WASHINGTON/SANTIAGO : The International Monetary Fund on Tuesday cut its forecast for global growth this year and next, warning that further U.S.-China tariffs or a disorderly exit for Britain from the European union could further slow growth, weaken investment and disrupt supply chains.
The IMF said downside risks had intensified and it now expected global economic growth of 3.2% in 2019 and 3.5% in 2020, a drop of 0.1 percentage point for both years from its April forecast, and its fourth downgrade since October.
Economic data so far this year and softening inflation pointed to weaker-than-expected activity, the global lender said, with trade and technology tensions and mounting disinflationary pressures posing future risks.

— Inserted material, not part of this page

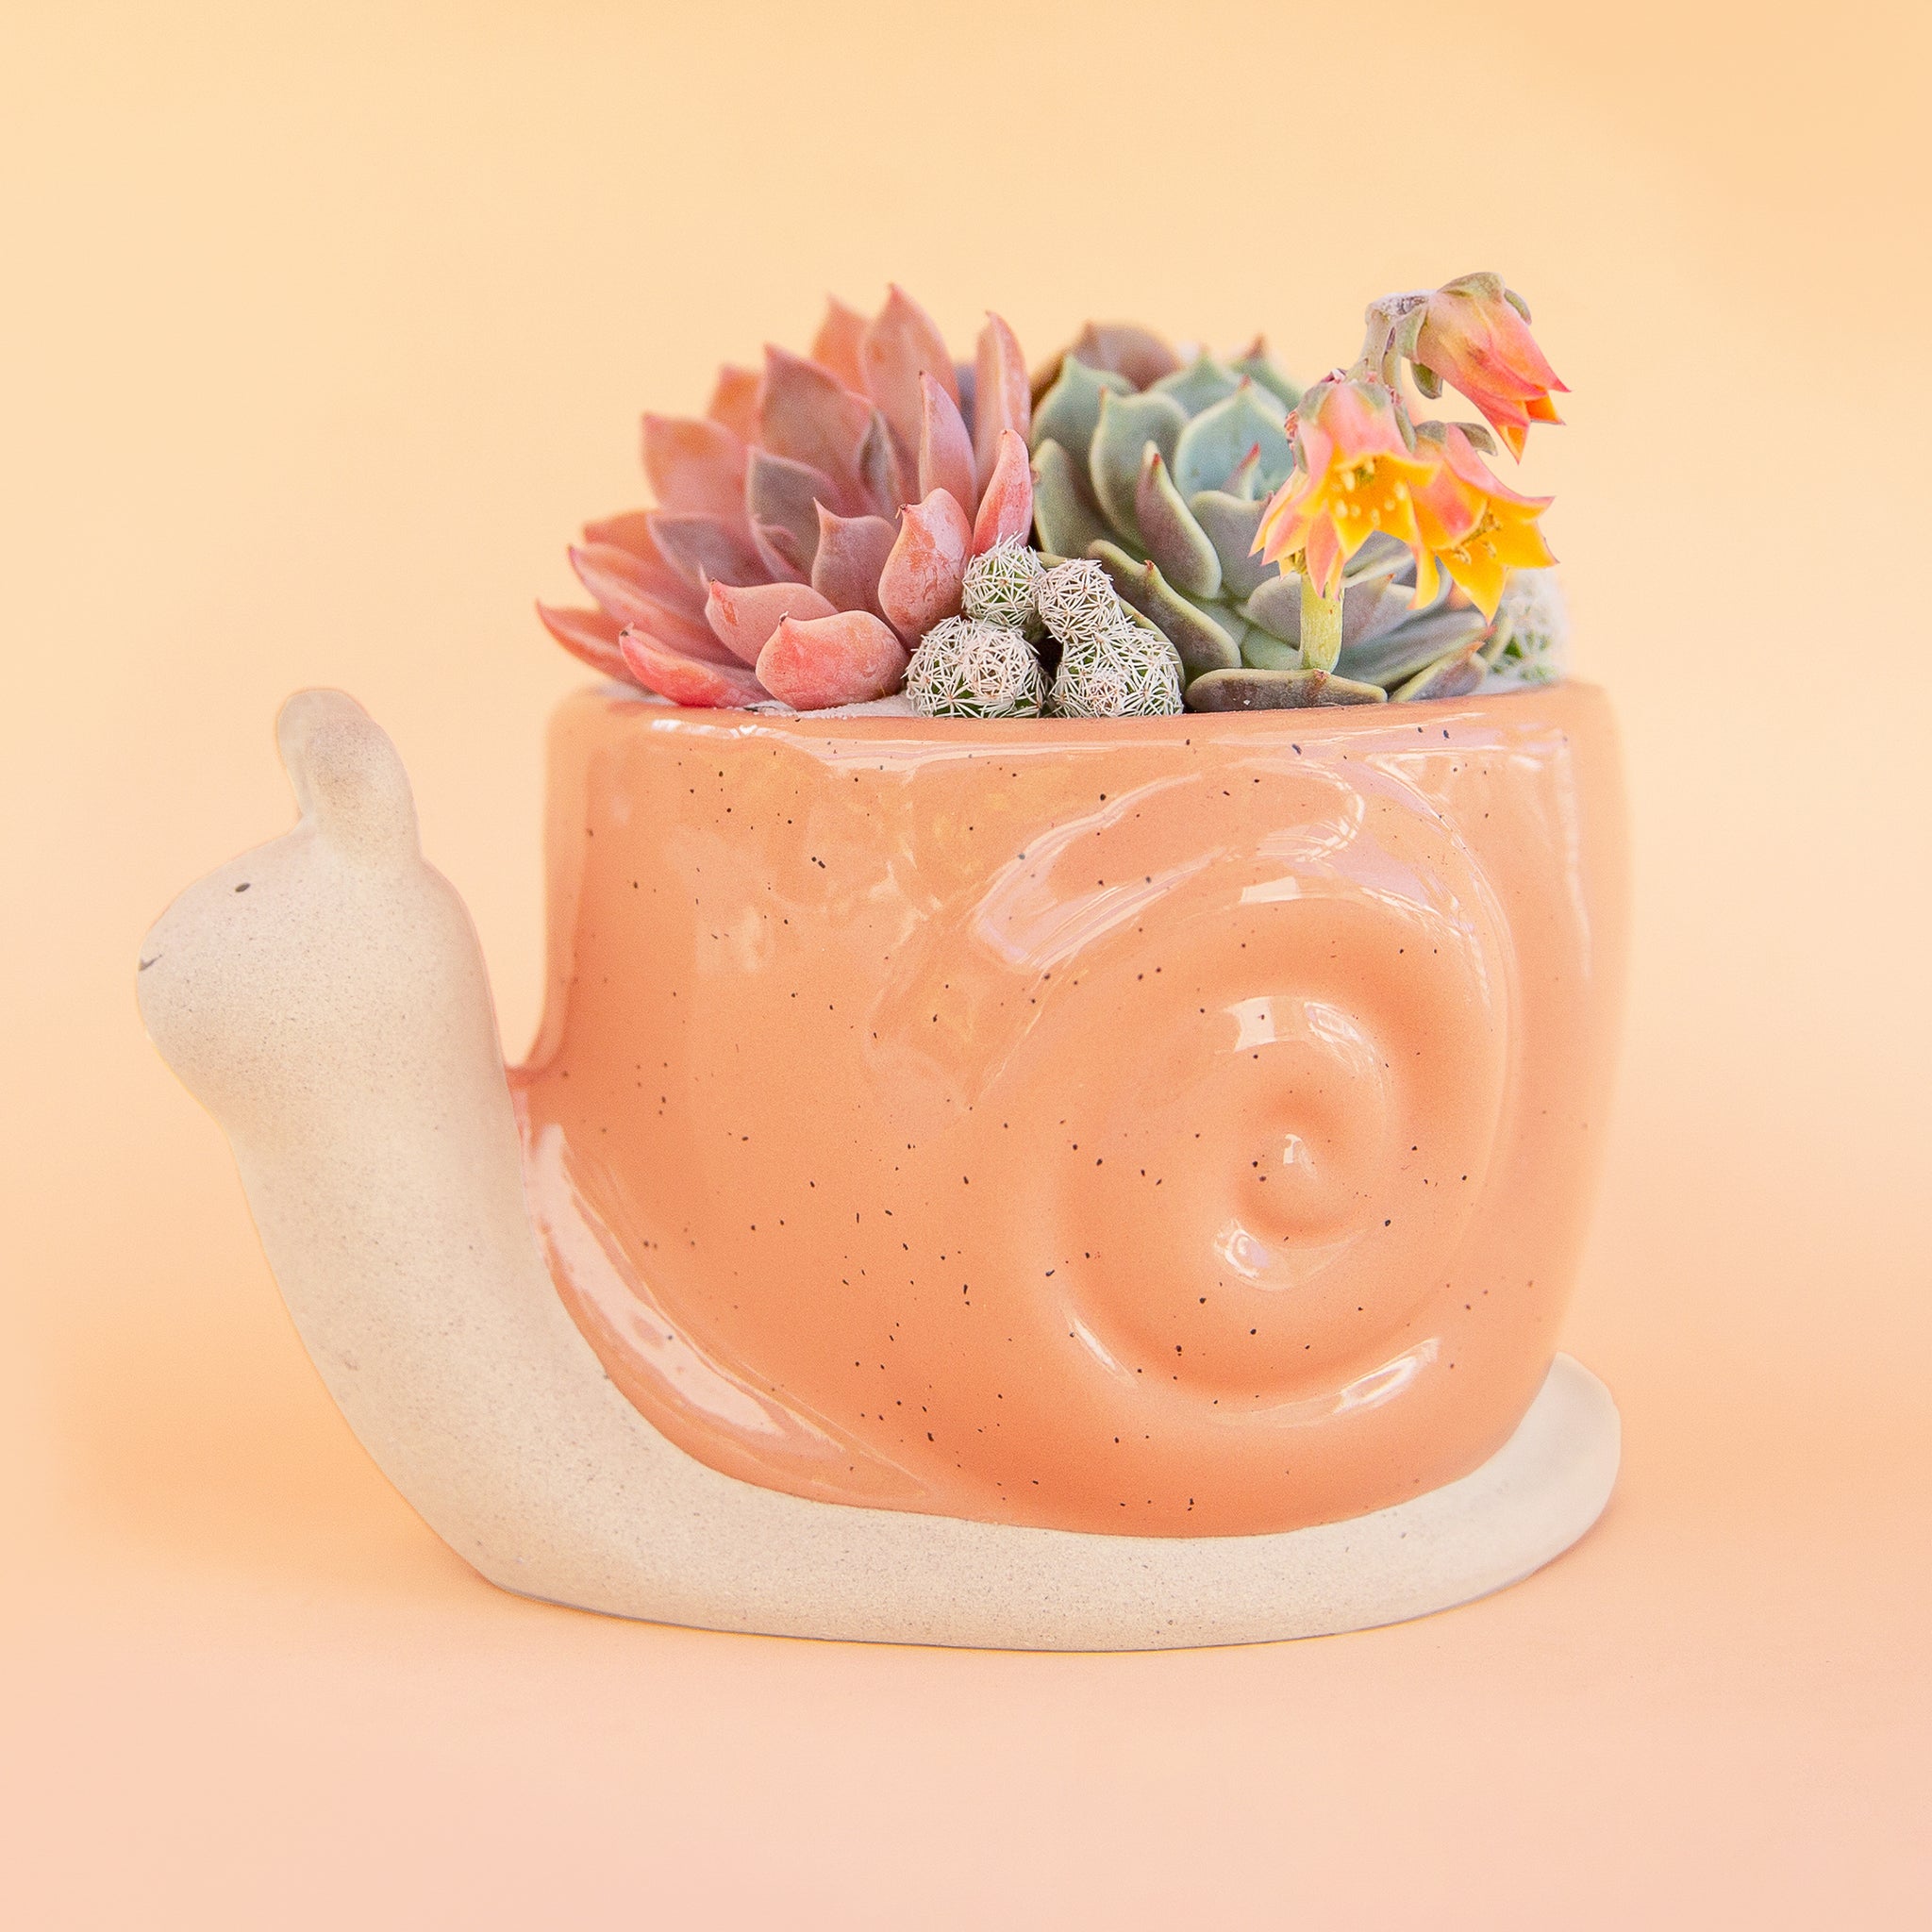 On a peachy background is an orange snail shaped planter filled with a cactus and succulent arrangement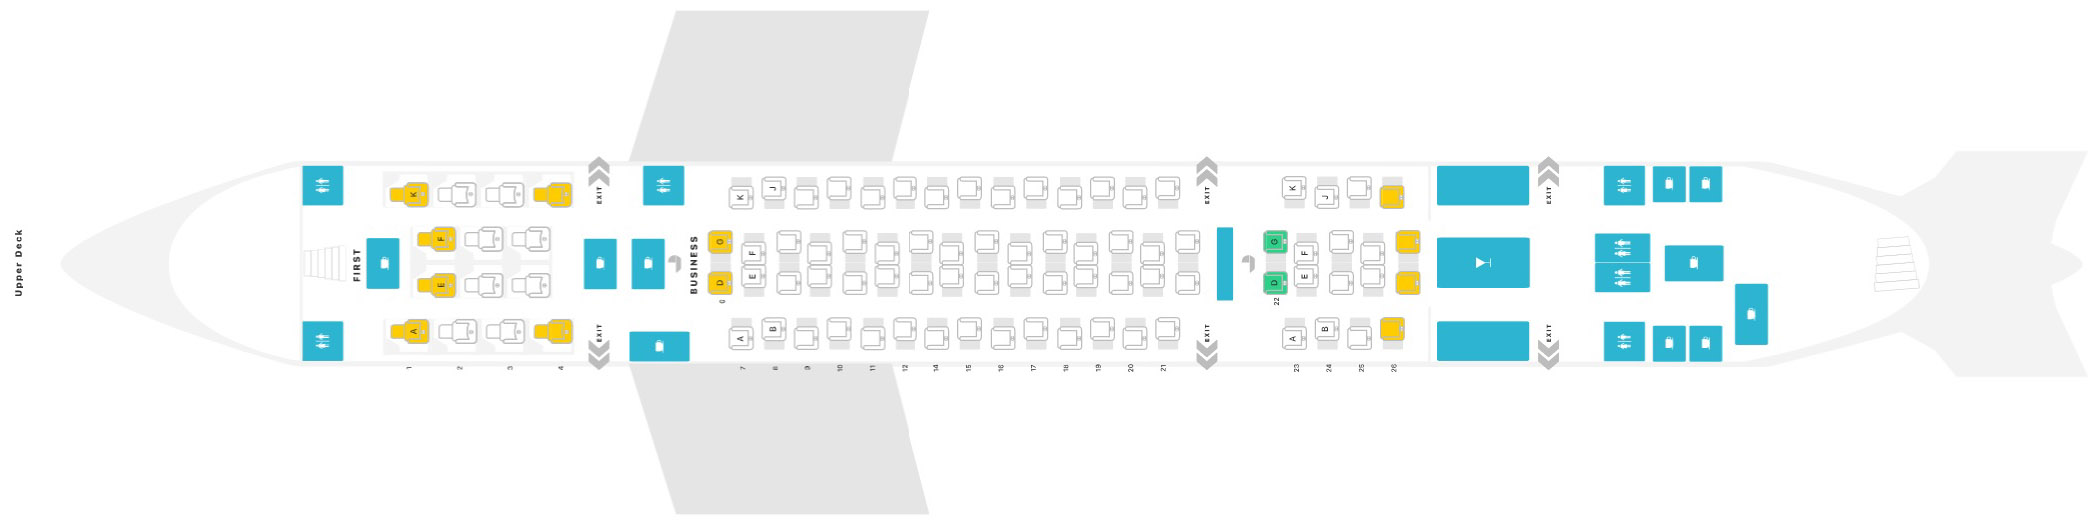 Emirates Airbus A380-800 Three Class Layout 1 Upper Deck

The IMF slashed its forecast for growth in global trade by 0.9 percentage point to 2.5% in 2019. Trade should rebound and grow by 3.7% in 2020, about 0.2 percentage point less than previously forecast.
Trade volume growth declined to around 0.5% in the first quarter, its slowest pace since 2012, it said, with the slowdown mainly hitting emerging Asian countries.
Global trade volumes fell 2.3% between October and April, the sharpest six-month decline since 2009, when the world was in the midst of the Great Recession, according to estimates by the Netherlands Bureau of Economic Policy Analysis (CPB).
The global economy was at a “delicate junction” and countries should refrain from imposing tariffs to address bilateral trade imbalances or to solve international disagreements, IMF chief economist, Gita Gopinath, said at a news conference in Santiago, Chile.
“A major downside risk to the outlook remains an escalation of trade and technology tensions that can significantly disrupt global supply chains,” she said, repeating the IMF’s estimate that tariffs imposed in 2018 and new tariffs threatened in May could reduce total world economic output by 0.5% in 2020.
Other significant risks included a surprise slowdown in China, lack of recovery in the euro zone area, a no-deal Brexit and an escalation of geopolitical tensions, she said.
“We do not have a recession in our baseline, but … there are significant downside risks,” she said. “The recovery relies on recoveries in stressed emerging and developing economies, and so there is significant uncertainty around that.”
The IMF warned in its quarterly report that further U.S.-China tariffs, U.S. auto tariffs, or a no-deal Brexit could erode confidence, weaken investment, dislocate global supply chains and severely slow global growth below the baseline.